20 Mart 2010 Cumartesi

Oltalar Elimizde


Bilen bilir, balık tutmayı seviyorum. Gidiş dönüş yollarında türlü badireler atlatsam da, dizime kadar çamura batsam da, şakır şakır yağan yağmur dört saat tepemden geçse de, her hafta cumadan başlıyorum "pazara hava güzel olsa bari" diye dualar etmeye.

En sık sorulan soru; çıkan balık yeniyor mu? "Yemişim balığını" diyip kısa kesmek istesem de, el mecbur uzun uzun anlatıyorum: "Maksat balık yemek olsa, pazarda markette kasa kasa var. Bizim gayemiz, haftanın bir günü de olsa dört duvar içine kısmayalım. Gözümüz yeşil görsün, kulağımız su sesi duysun, ciğerimize oksijen, zihnimize muhabbet girsin" diye. Tuttuğumuz balıkları geri salıp geliyoruz zaten :)

Suda yüzen olta mantarının, yeryüzündeki en etkili narkotik olduğunu düşünüyorum. Daha doğrusu o mantara bakarken hiçbir şey düşünemiyorum da, durumu sonradan bu şekilde yorumuyorum. Ha tıkladı, ha yemi aldı, ha dibe batırdı derken hiçbir şey düşünemez oluyorum. Zaten istediğim de bu ya. Kafa geçici de olsa, 90'lık RAKS boş kaset gibi oluyor.

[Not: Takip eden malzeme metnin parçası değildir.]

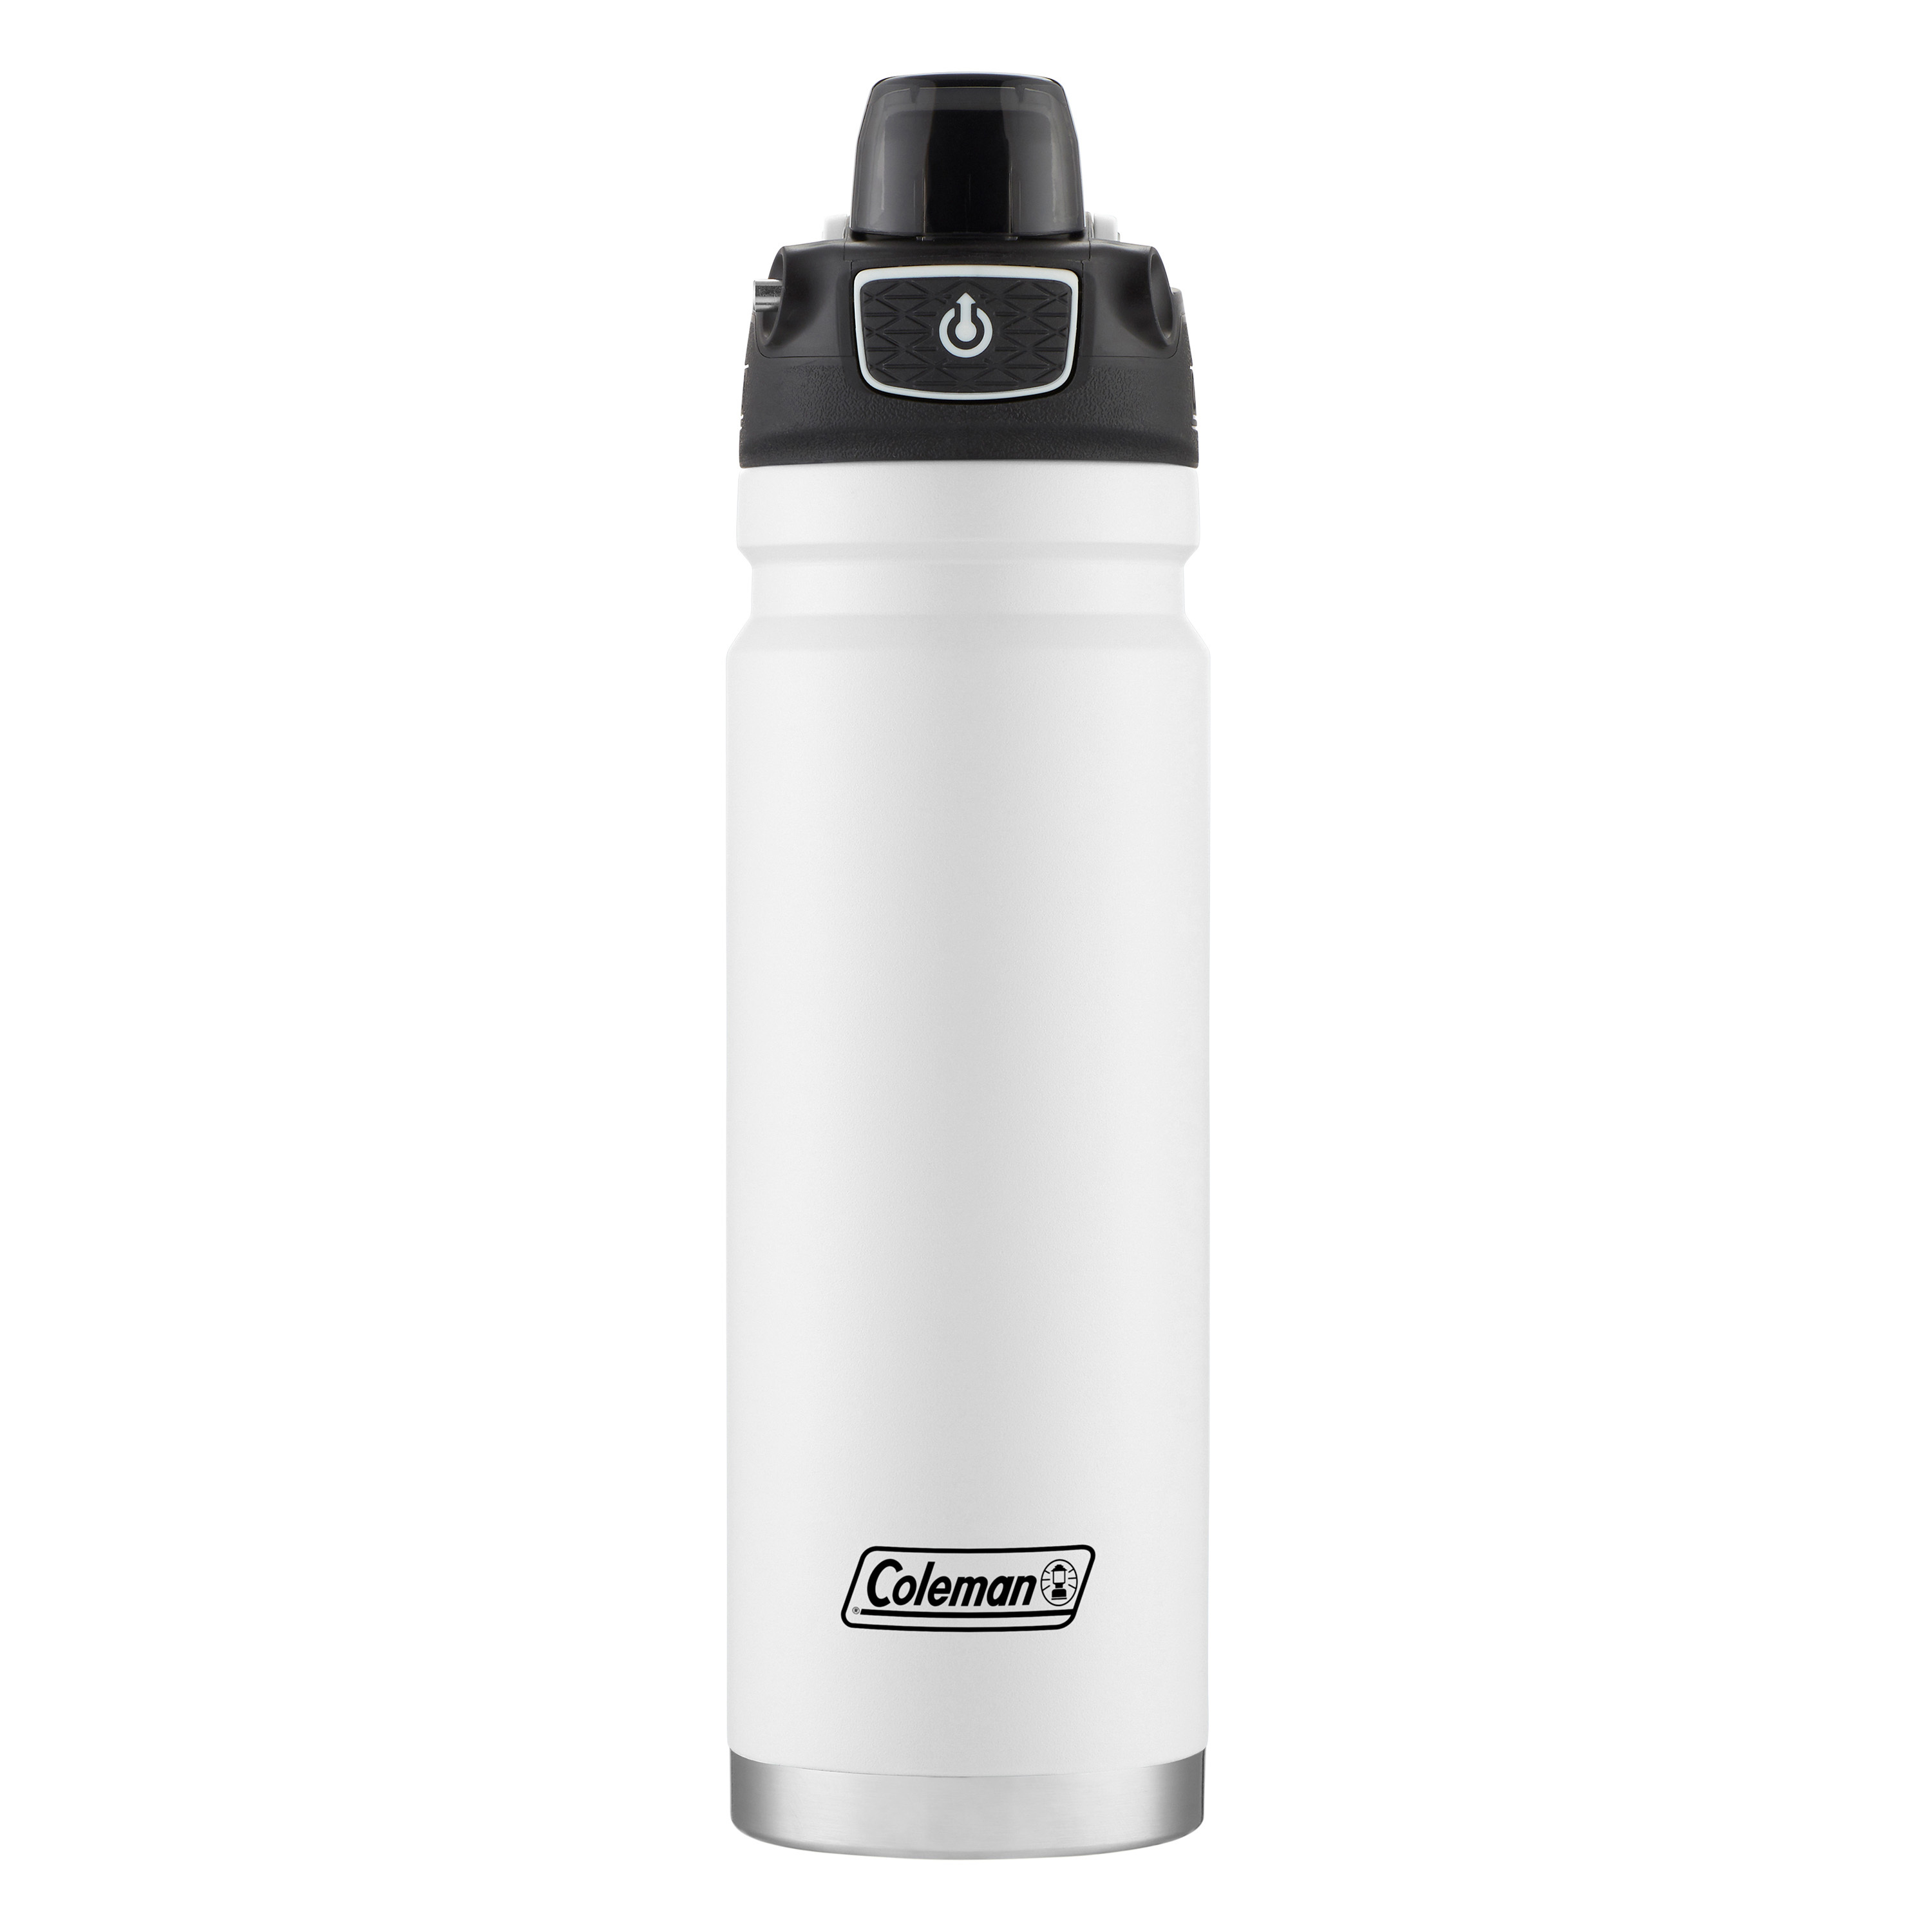 Coleman Burst Poptop Stainless Steel Insulated Water Bottle, 24 oz., White Cloud Color - image 1 of 8

Meteorolojiye göre, yarın sürprize mahal yok. Hayat başka bir sürpriz yapmazsa, gayrıresmi olarak kapamadığımız av sezonunu yarın resmen açıyoruz. Bugünden alışverişimi yaptım. Yeni olta, yeni misina, mantarlar, iğneler hepsi tekmil hale geldi. Balık avında yeni uğurdur derler. Öyle umayım ben de.

Ne denir? Vira Bismillah :)

4 Mart 2010 Perşembe

Geri Yükleme Noktası

Yeni sayfa, yeni sayfa derken...
Kaldığım yerde araya ayraç koymayı unutuyorum ben.

Nerede kaldığını unutup her seferinde başa dön, her seferinde bir daha oku. Okuduğum kısımdan aklımda hiçbirşey kalmamış olacak ki, her seferinde biraz daha geriden alıyorum hatırlayabilmek için.

Yeminle iş değil!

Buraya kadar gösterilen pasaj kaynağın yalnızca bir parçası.